Here is sample of what I'm trying to accomplish. Do have any thoughts on how to develop column edw_pts_cum_2?
Cum Distance pts_cum edw_pts_cum_2 Pt_id com_pt_id
10 1 1 101 1
20 2 2 201 2
30 3 3 301 3
40 4 3 102 1
create table lab_data_res_sub_xy_com_sub
nologging
nocache
pctfree 0
as
select a.*,
count(*) over (order by distance asc
rows between unbounded preceding and current row)
as pts_cum,
count(distinct com_pt_id) over (order by distance
rows between unbounded preceding and current row)
as edw_pts_cum_2
from lab_data_res_sub_xy_com_dda a
order by distance asc, test_epatient_id;
well, the problem is..... fairly hard....
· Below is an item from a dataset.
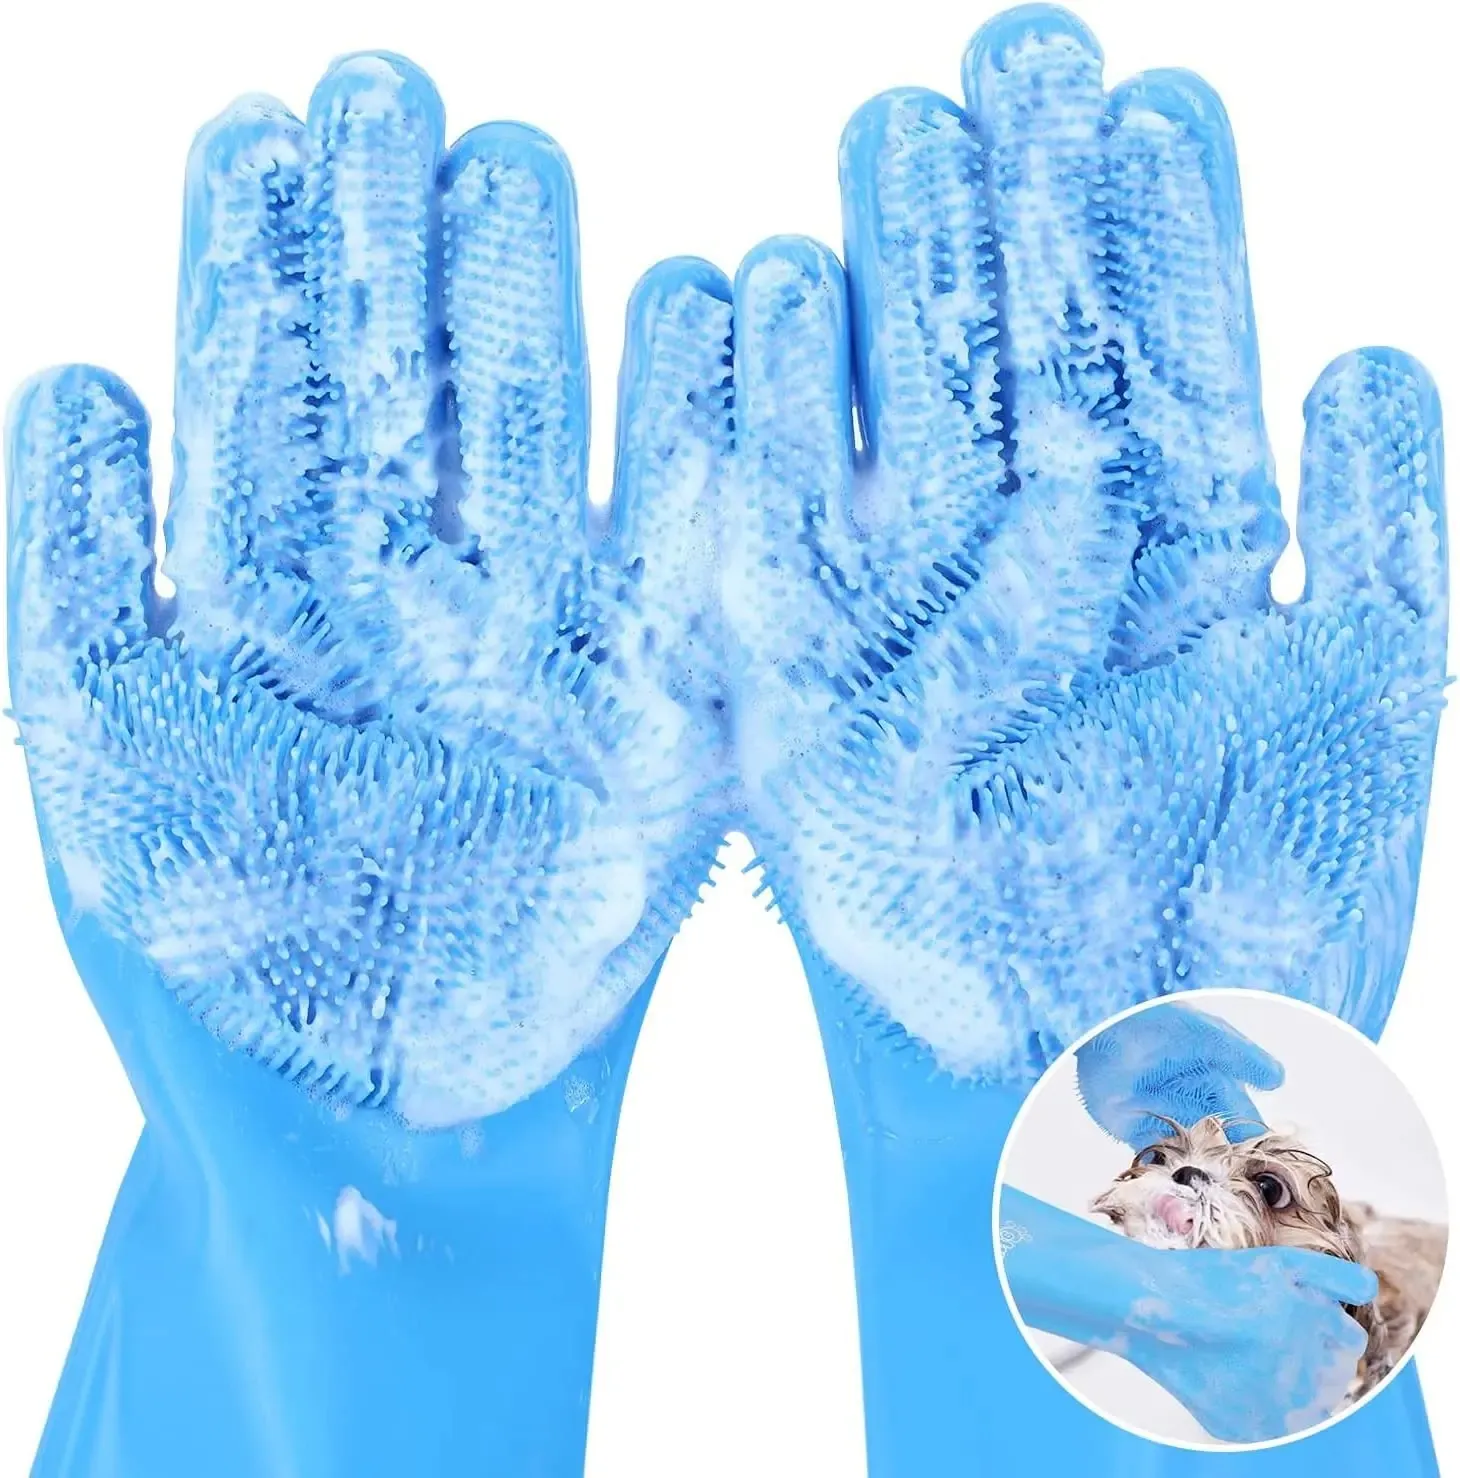 Pet Grooming Bathing Gloves Dog Cat Bathing Shampoo Scrubber Magic Massaging Cleaning Cleaner Sponge Silicon Hair Removal Glove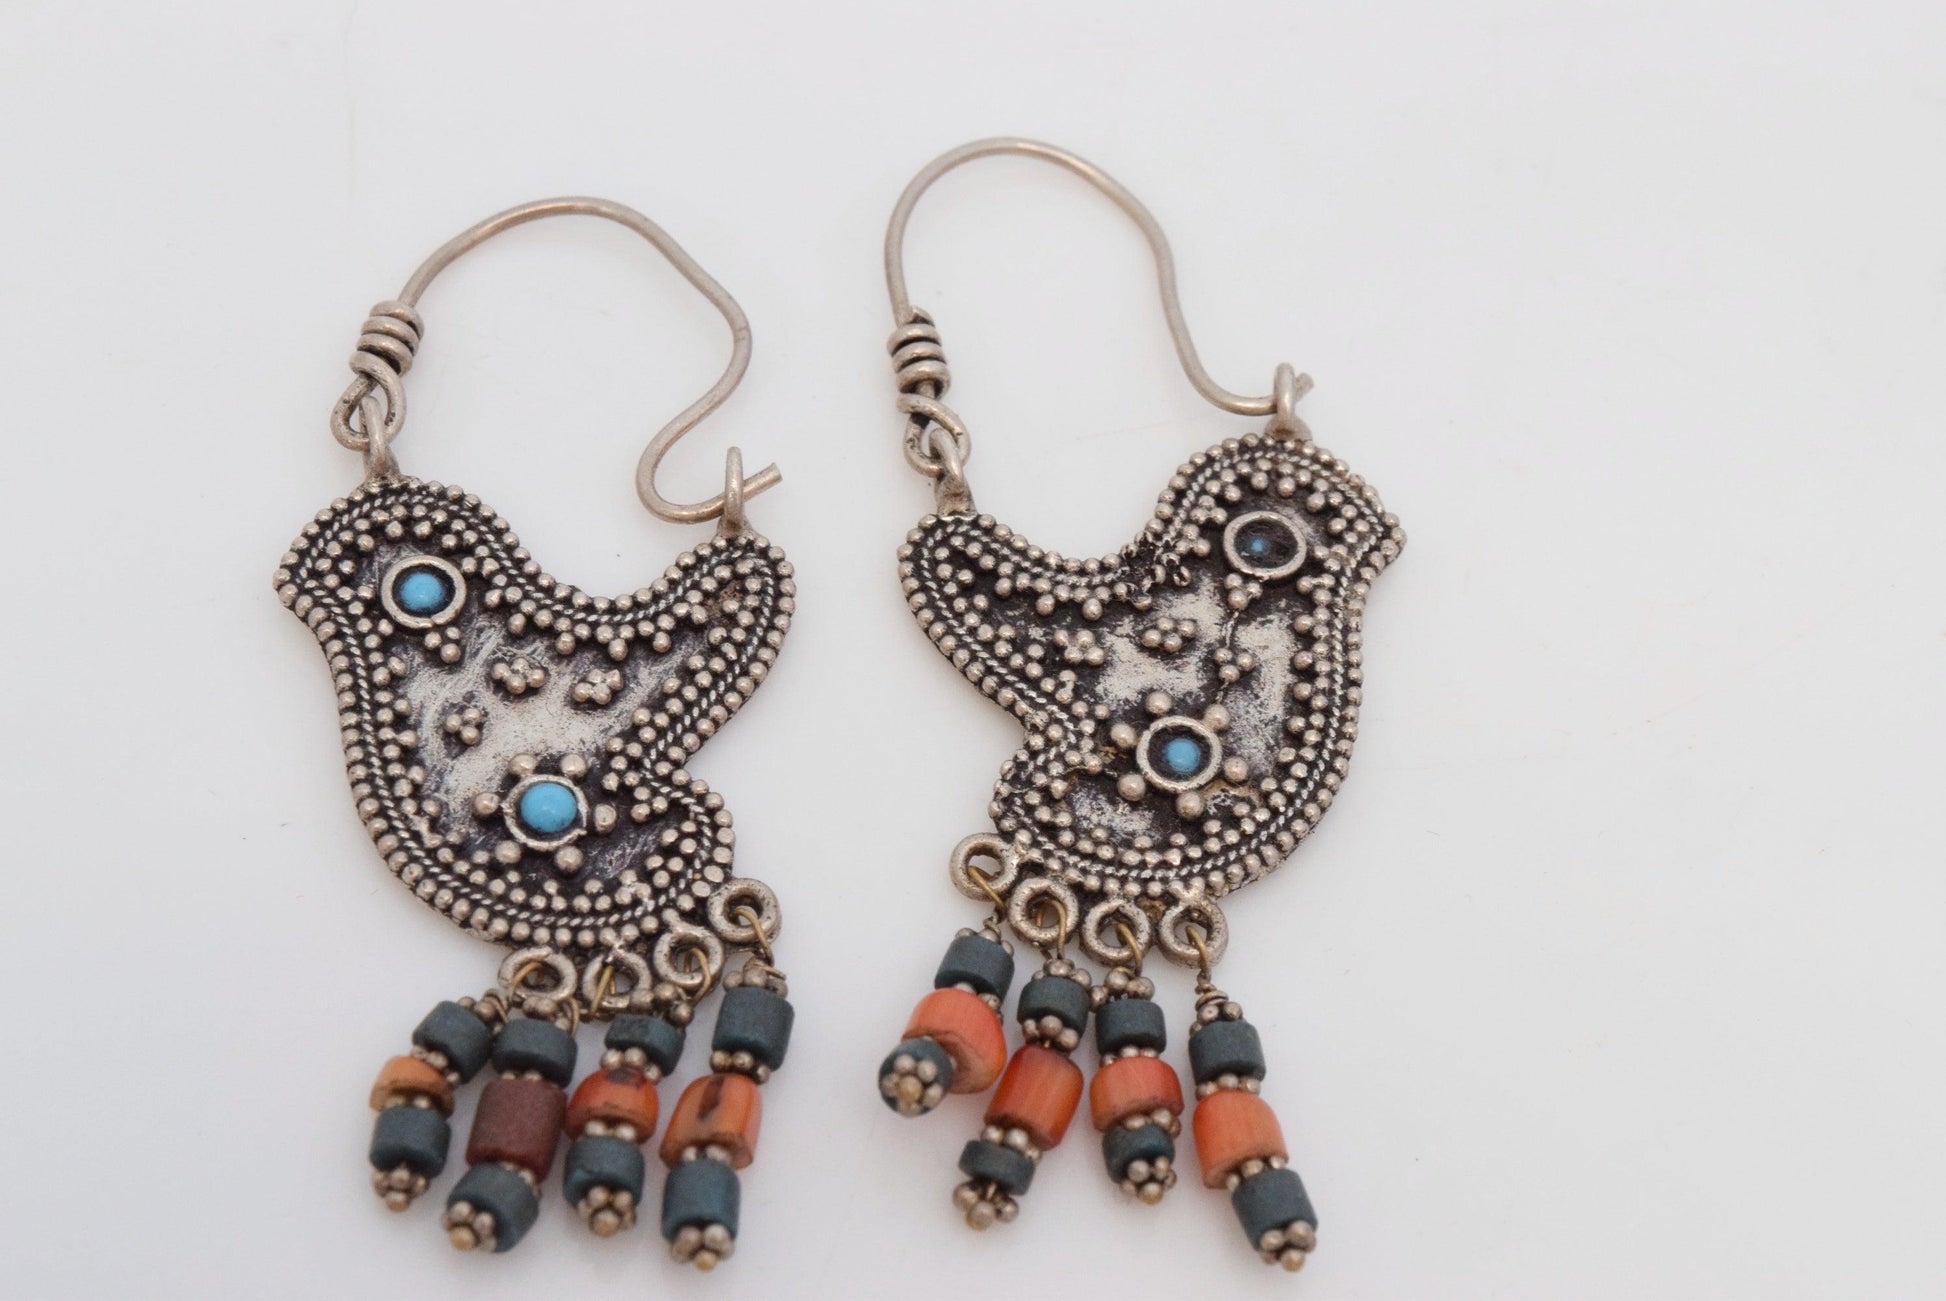 Vintage Afghani Uzbek Style Silver Bird Earrings with turquoise and coral - Anteeka

think about this, you order by distance and say the com_pt_id data looks like this
1
2
1
2
3
1
2
4
You have to remember what values you've already hit - for example, we keep hitting 1 over and over - we need to remember "1" has already been hit. Even if there are 1,000,000 intervening values - we need to remember "1 has been hit" so as to not count it again
Here are two approaches - one is a scalar subquery (rt_2b). I do not think (well, I know) it won't scale very well if the result set is huge. The other is an analytic on an analytic. We "mark" the first com_pt_id by distance and only count the first one.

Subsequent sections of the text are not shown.